[Problem statement]
All of the data must be output exactly, with every picture left out.

[Data section]
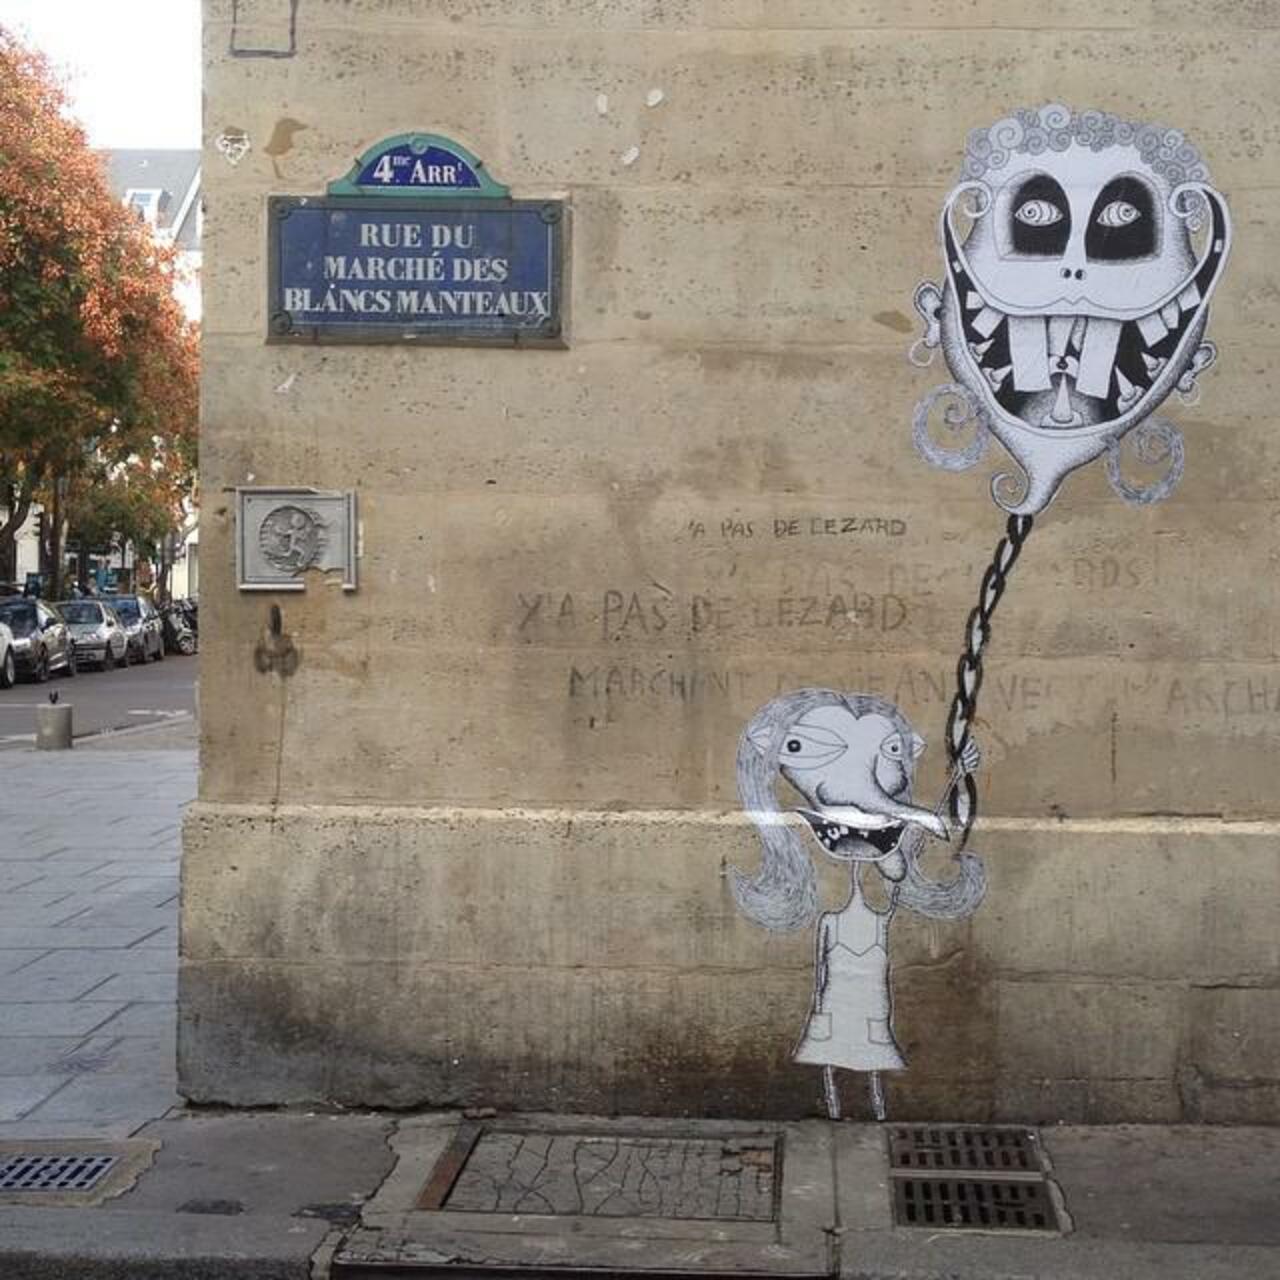 circumjacent_fr: #Paris #graffiti photo by 3eparallele http://ift.tt/1QrU4Zk #StreetArt http://t.co/b9suxyuYDz
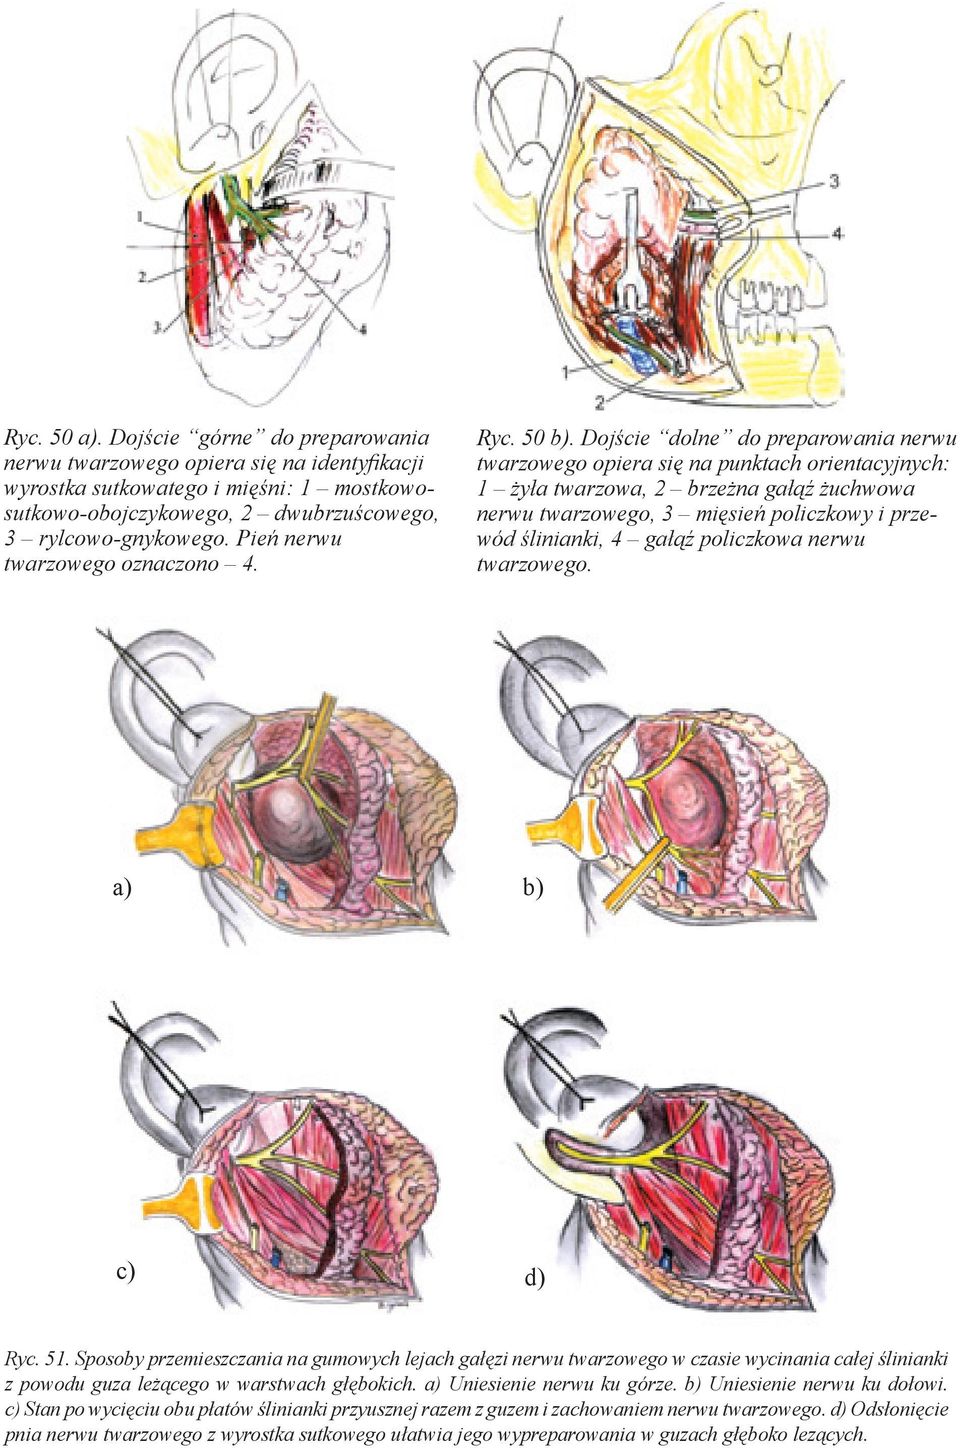 Dojście dolne do preparowania nerwu twarzowego opiera się na punktach orientacyjnych: 1 żyła twarzowa, 2 brzeżna gałąź żuchwowa nerwu twarzowego, 3 mięsień policzkowy i przewód ślinianki, 4 gałąź
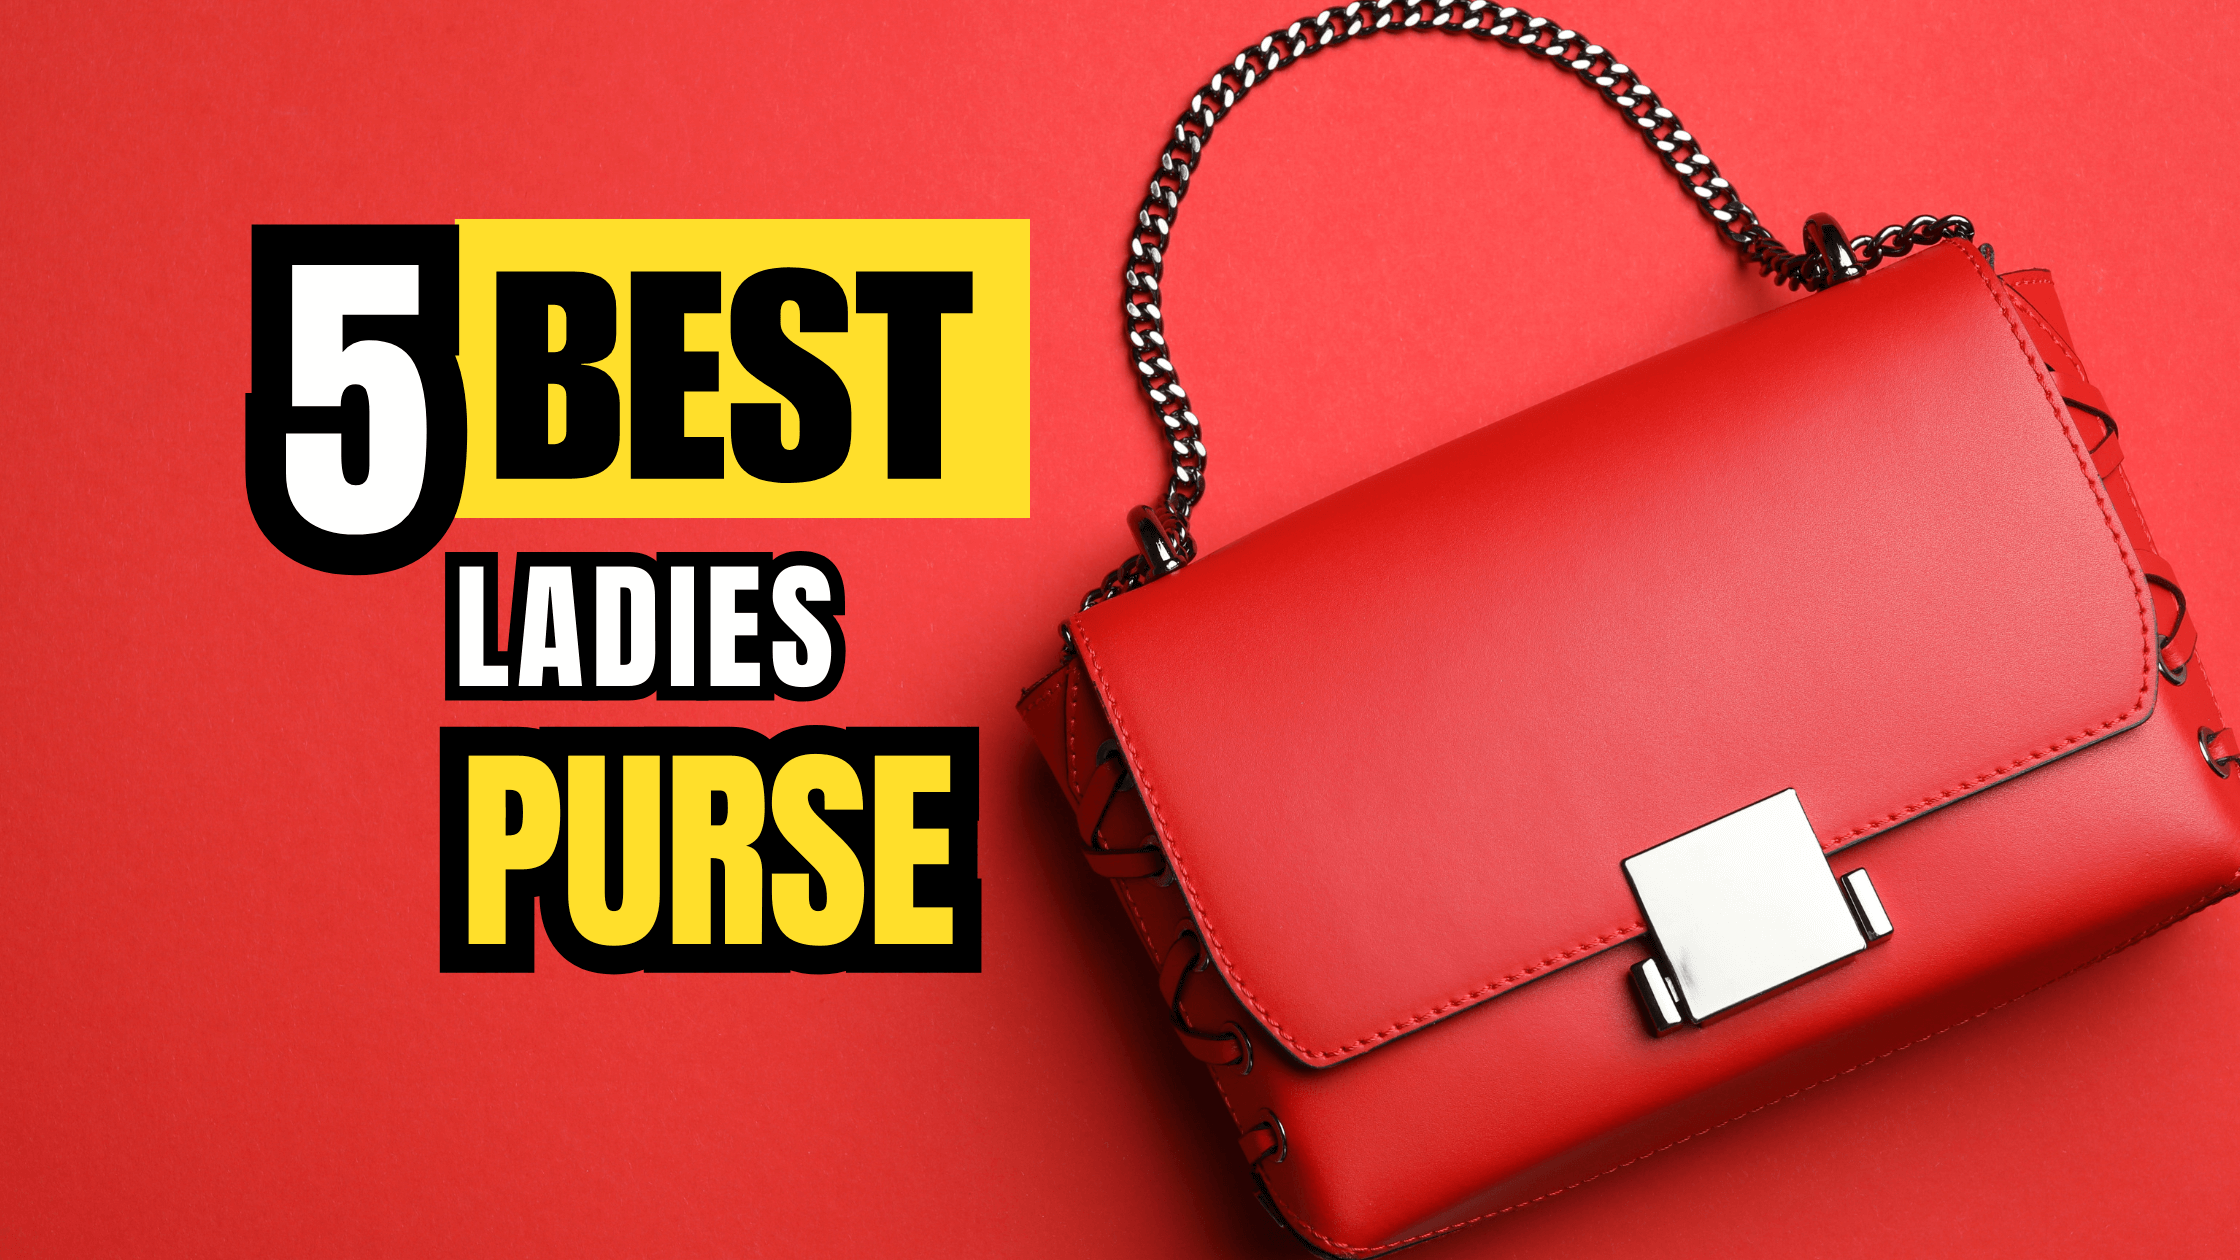 5 Best Ladies Purse in India

[Response to this task]
 circumjacent_fr: #Paris #graffiti photo by 3eparallele http://ift.tt/1QrU4Zk #StreetArt http://t.co/b9suxyuYDz
 Dojście dolne do preparowania nerwu twarzowego opiera się na punktach orientacyjnych: 1 żyła twarzowa, 2 brzeżna gałąź żuchwowa nerwu twarzowego, 3 mięsień policzkowy i przewód ślinianki, 4 gałąź
 5 Best Ladies Purse in India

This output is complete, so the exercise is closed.